Reviewed by the Help Dementia Editorial Team — our editors review every article for accuracy against guidance from the National Institute on Aging, the Alzheimer’s Association, and peer-reviewed sources.
This guide is part of our pillar: Brain Mri Report Decoded Terms Families Misread.
Related guide: Vascular Dementia Stages and Life Expectancy — our comprehensive resource on this topic.

Cortical atrophy vs subcortical is a distinction radiologists and neurologists use to narrow the dementia diagnosis. Where the brain is shrinking matters as much as how much.
Understanding cortical atrophy vs subcortical helps families ask better questions and make calmer decisions. The detail below covers what doctors usually skip when explaining cortical atrophy vs subcortical.
Cortical Atrophy Defined
Shrinkage of the brain’s outer surface layer where memory and language live. Classic Alzheimer’s pattern.

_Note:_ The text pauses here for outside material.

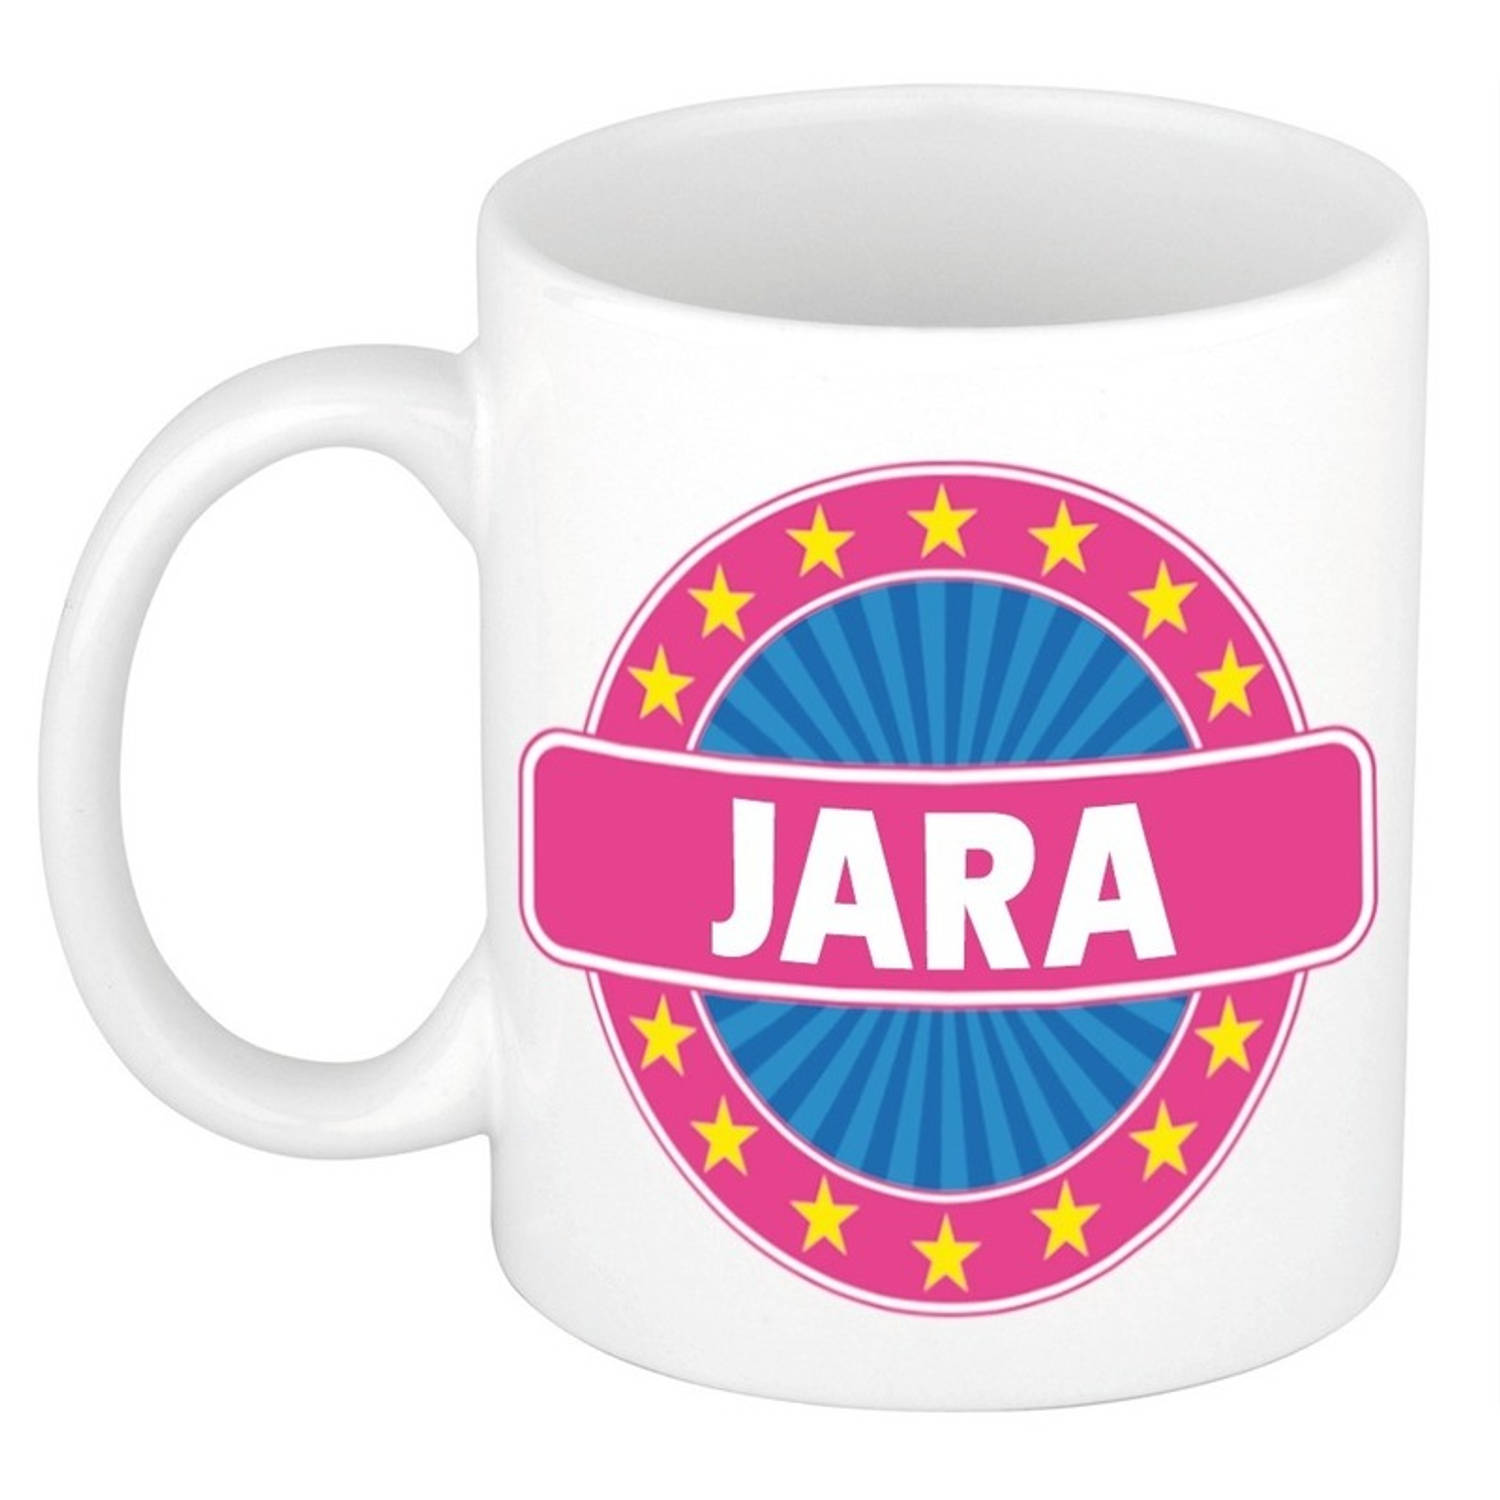 Voornaam Jara koffie/thee mok of beker - Naam mokken
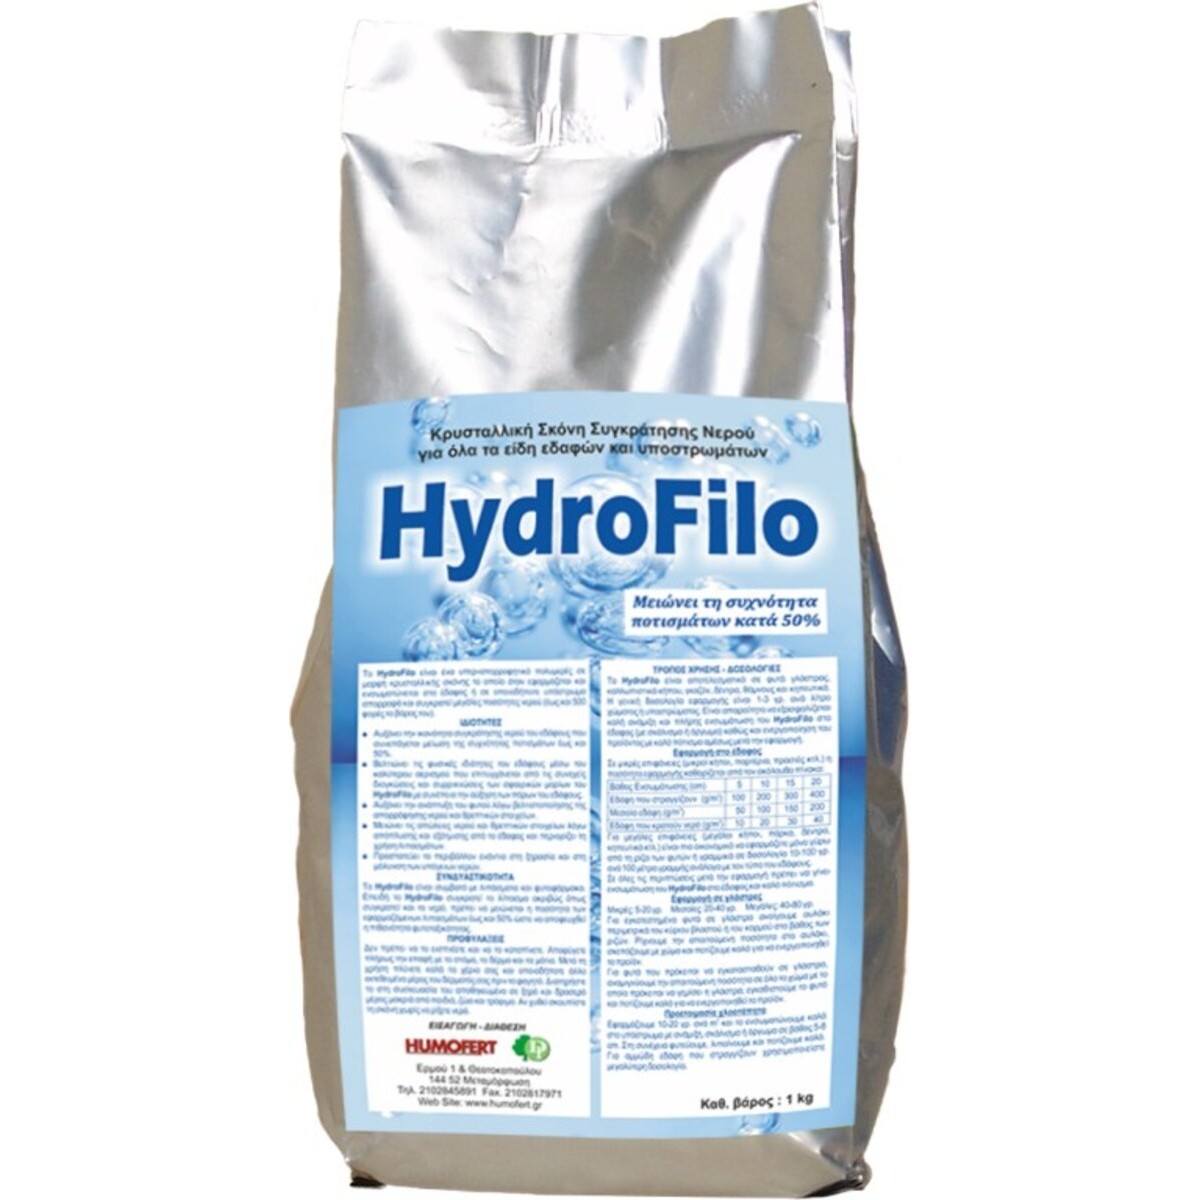 HYDROFILO Κρυσταλλική σκόνη συγκράτησης νερού-MaShop.gr

Subcortical Atrophy Defined
Shrinkage of deep brain structures. Seen in vascular dementia, Lewy body, Huntington’s, and Parkinson’s dementia.
Symptom Differences
Cortical patterns cause memory loss, language problems, and apraxia. Subcortical patterns cause slow thinking, mood changes, and movement issues.
Imaging Differences
Cortical: thin gyri, widened sulci. Subcortical: enlarged ventricles, white matter changes, basal ganglia involvement.
Prognosis Differences
Cortical dementias often progress steadily. Subcortical dementias can have stepwise decline if vascular, or fluctuating cognition if Lewy body.
Frequently Asked Questions
Can someone have both?
Yes. Mixed dementia is very common and complicates prognosis.
Which is more treatable?
Vascular subcortical dementia has the most modifiable risk factors.
For more, see Alzheimer’s Association.